→ **Dataset section**:
• • • • • • •

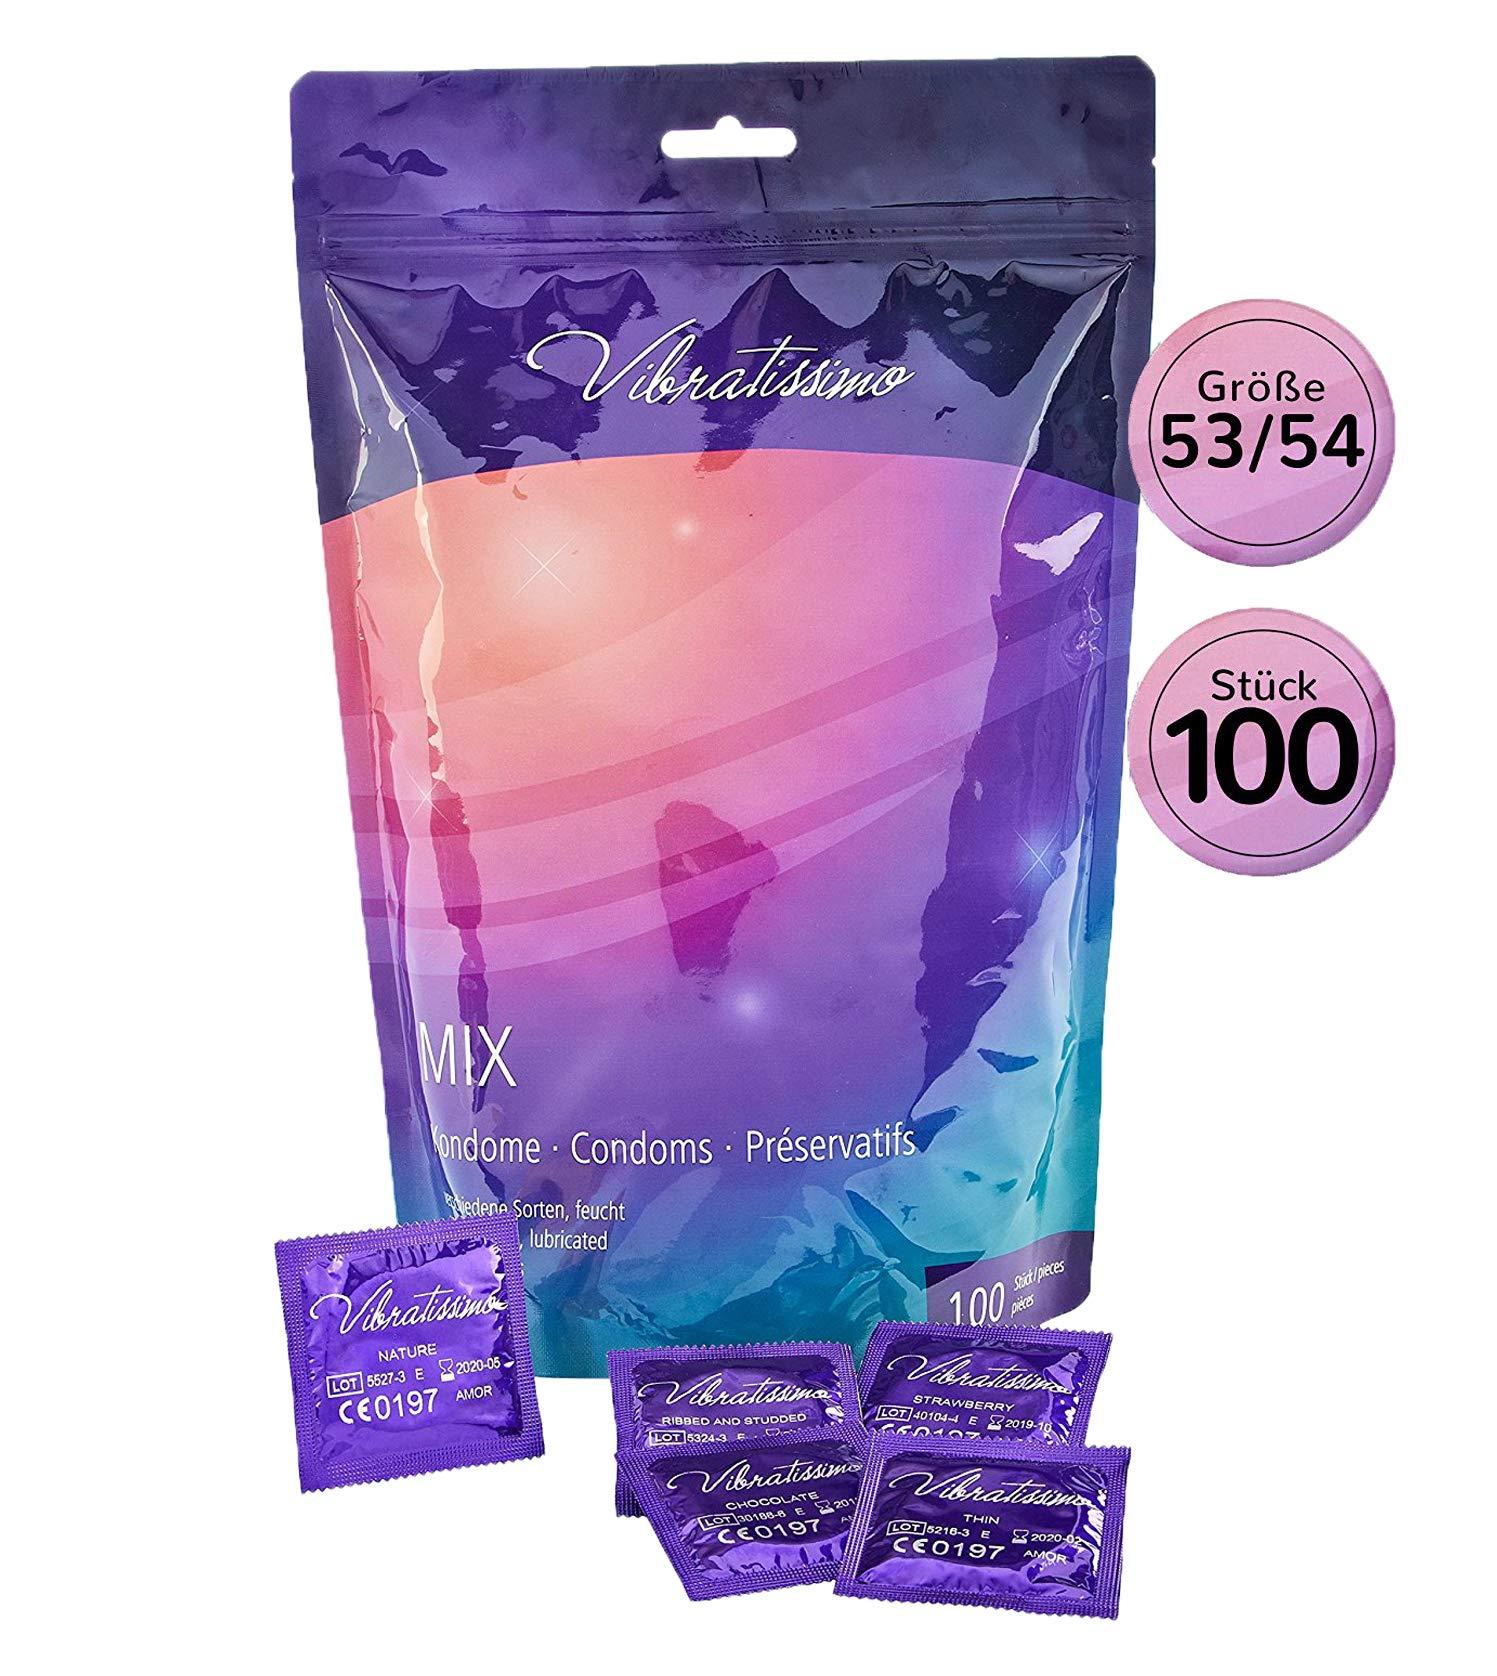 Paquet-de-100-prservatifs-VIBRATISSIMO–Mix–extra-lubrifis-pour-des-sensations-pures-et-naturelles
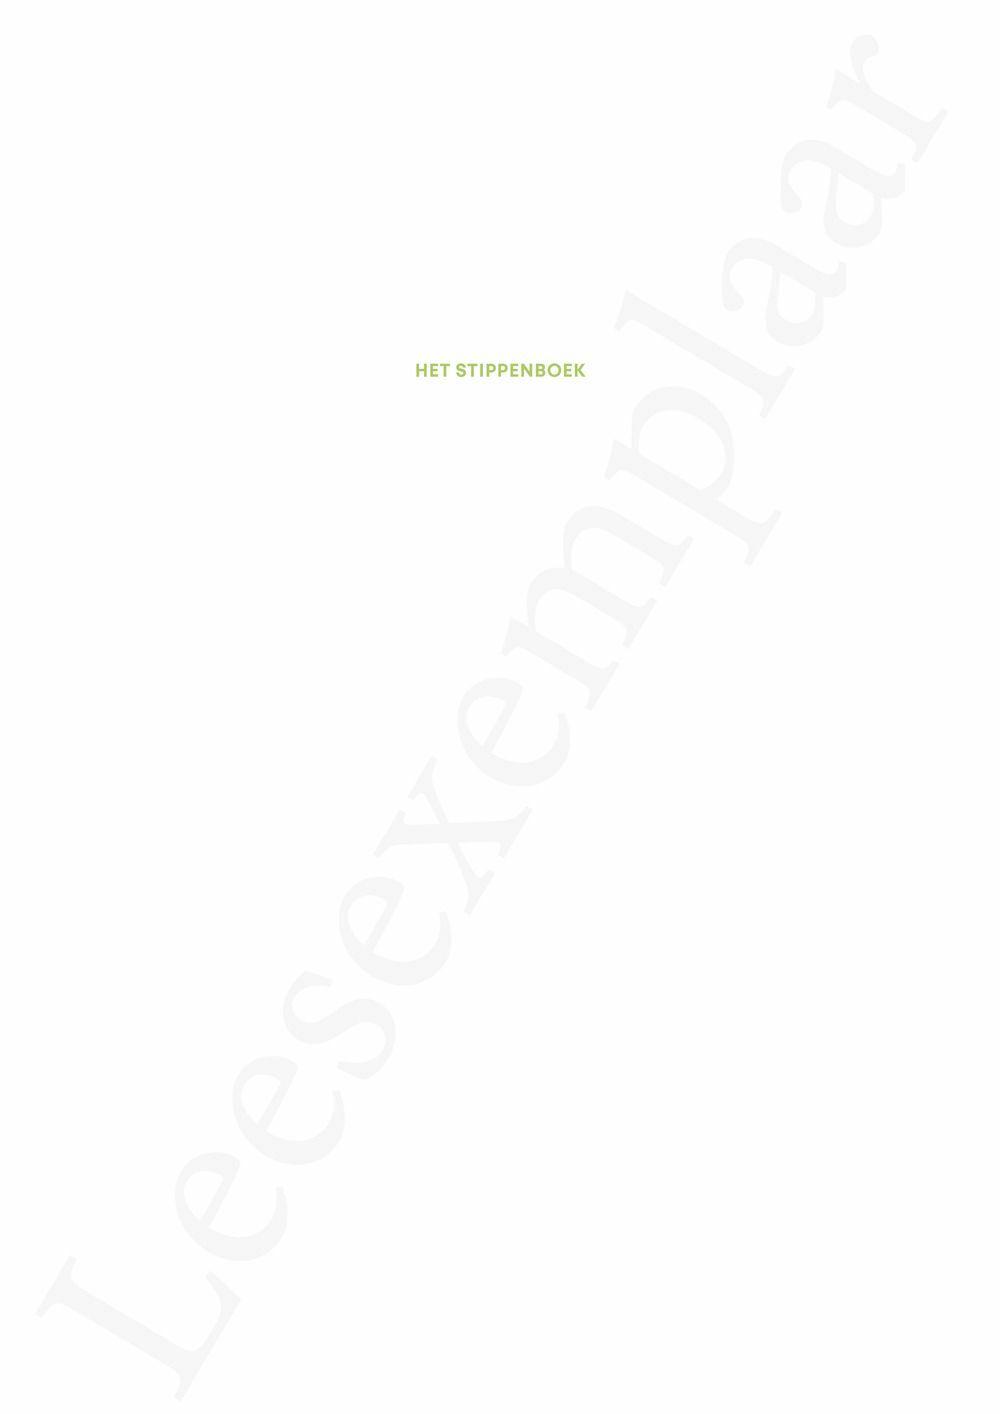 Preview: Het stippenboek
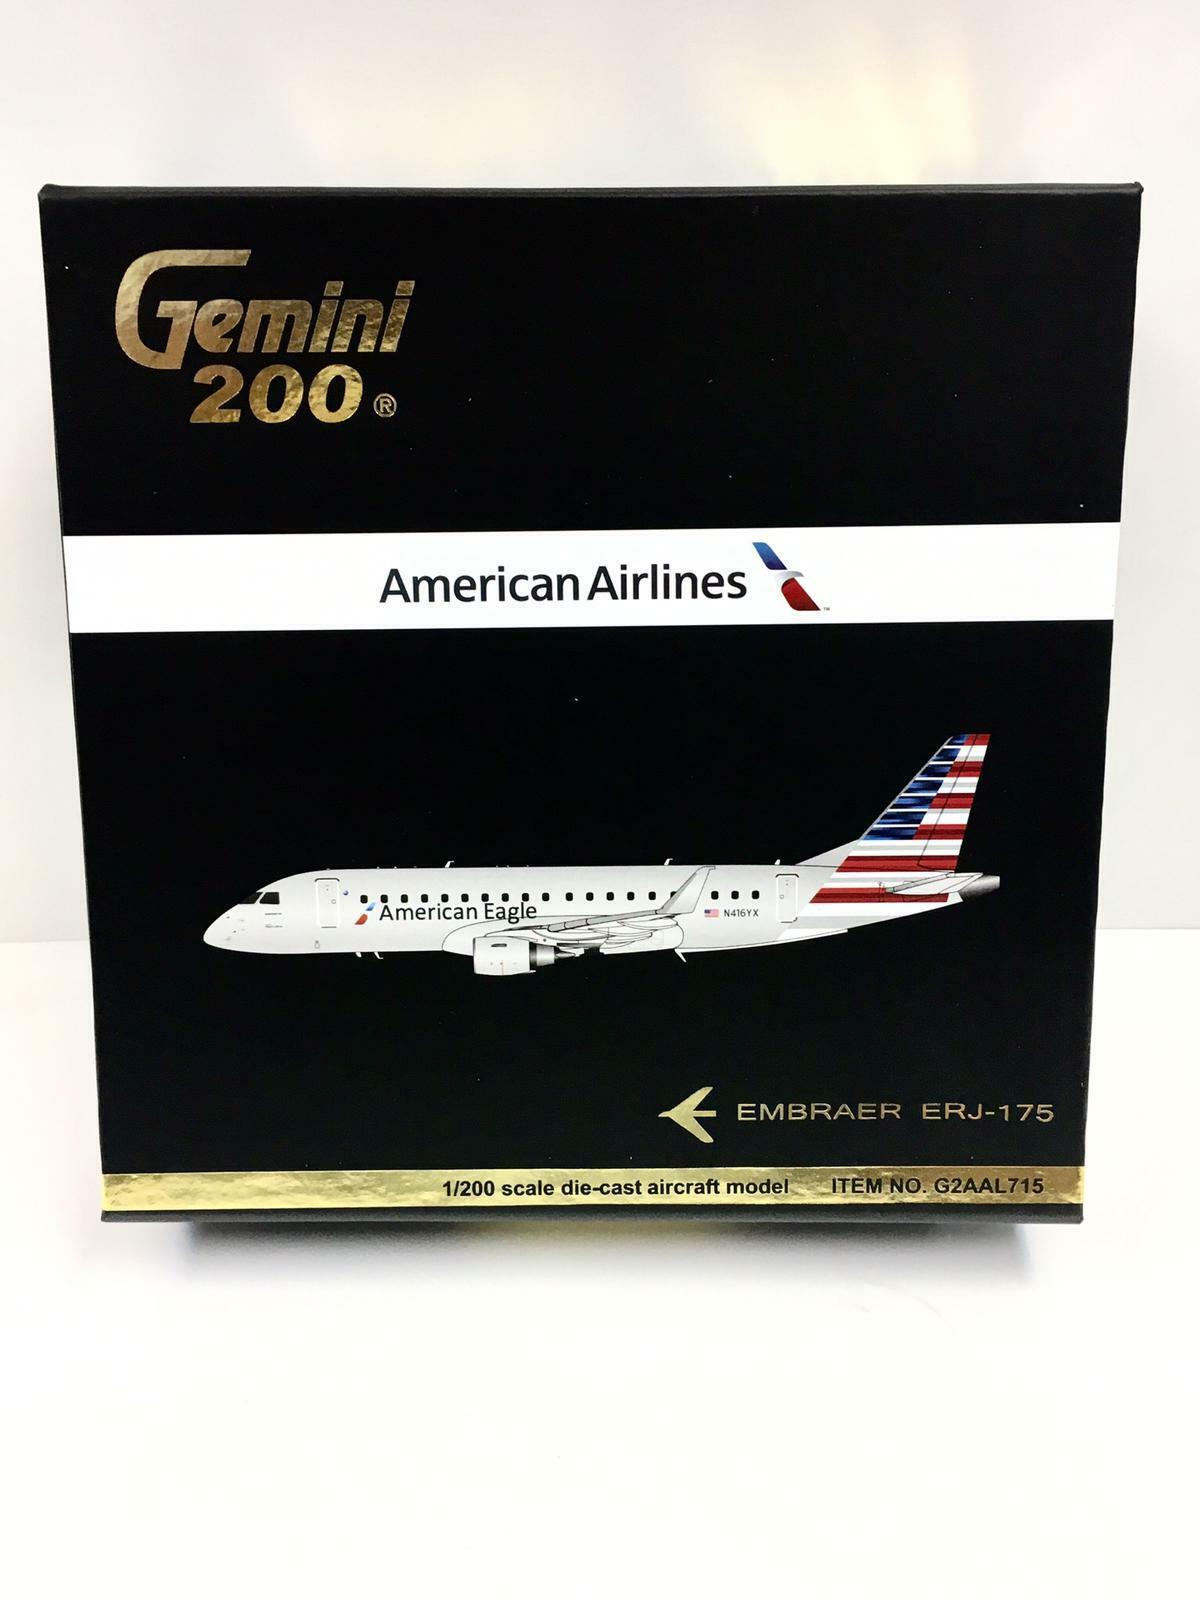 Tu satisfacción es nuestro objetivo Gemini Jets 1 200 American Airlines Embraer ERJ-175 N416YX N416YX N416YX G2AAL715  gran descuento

• • • • • • •

→ **What to work on**: Take the lines from the one holding "Preview: Het stippenboek" through the final line of the listing above and copy them exactly, both ends included, with no pictures.

→ **Solution to this task**:
 Preview: Het stippenboek
 Tu satisfacción es nuestro objetivo Gemini Jets 1 200 American Airlines Embraer ERJ-175 N416YX N416YX N416YX G2AAL715  gran descuento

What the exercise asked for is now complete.